В тот ясный теплый день я решила вынести Иоганнеса на улицу, под солнечные лучи. Моя прислуга кончила стирать и тащила во двор корзину с бельем, я же собралась выйти за ней, неся маленькую перинку для сына и рогожу, чтобы постелить на землю, как вдруг услышала перебранку. Пронзительно вопила Трина-Корова, новая служанка Майеров:

– А тебе-то какое дело? Ты, что ли, за эти веревки платила? Платила, да? Ты, ведьмина прислужка!

– Язык прикуси! - отвечала моя Анна. - Сегодня не ваш день, что ты развесилась!

– Ага, не наш?

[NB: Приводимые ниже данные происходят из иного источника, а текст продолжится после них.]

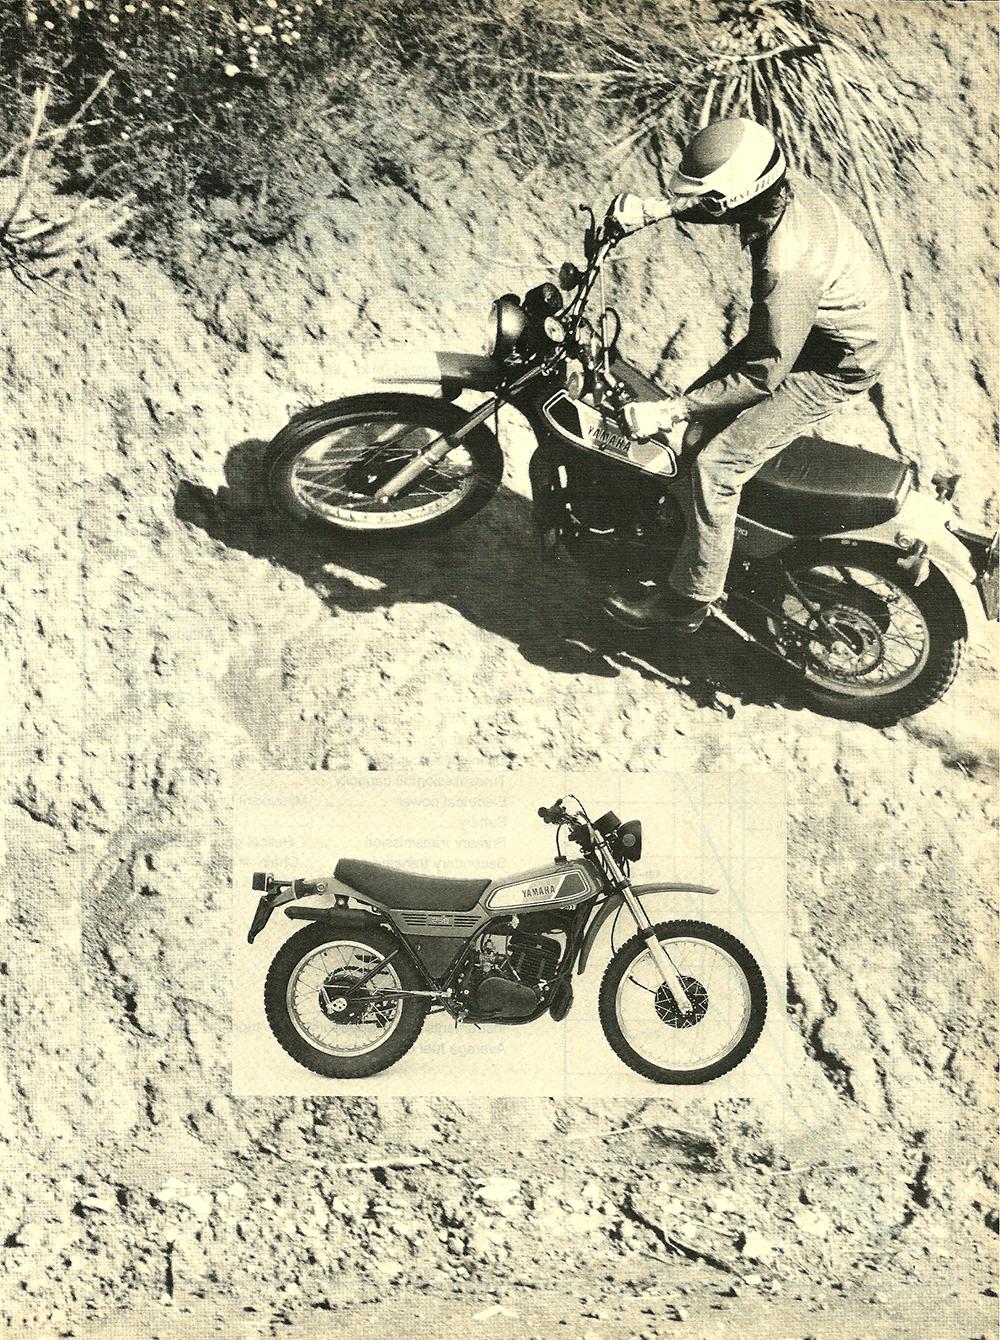 1977 Yamaha DT250D road test 3.jpg

Это что, в ваших книгах записано, да? А мне хозяйка сказала сегодня постирать, а ну как дождь польет, что тогда, белью на чердаке гнить? И так уже не пройти, не продохнуть из-за тряпок вашего выблядка! Что ни день…

– Ой! Ой! Чья бы корова мычала, а ты бы, Трина, молчала! Тебе зазорно, что твоя никак не родит, старая кошелка? Все бабы, что пустые ходят, от этого бесятся, и ты у нее такая же станешь!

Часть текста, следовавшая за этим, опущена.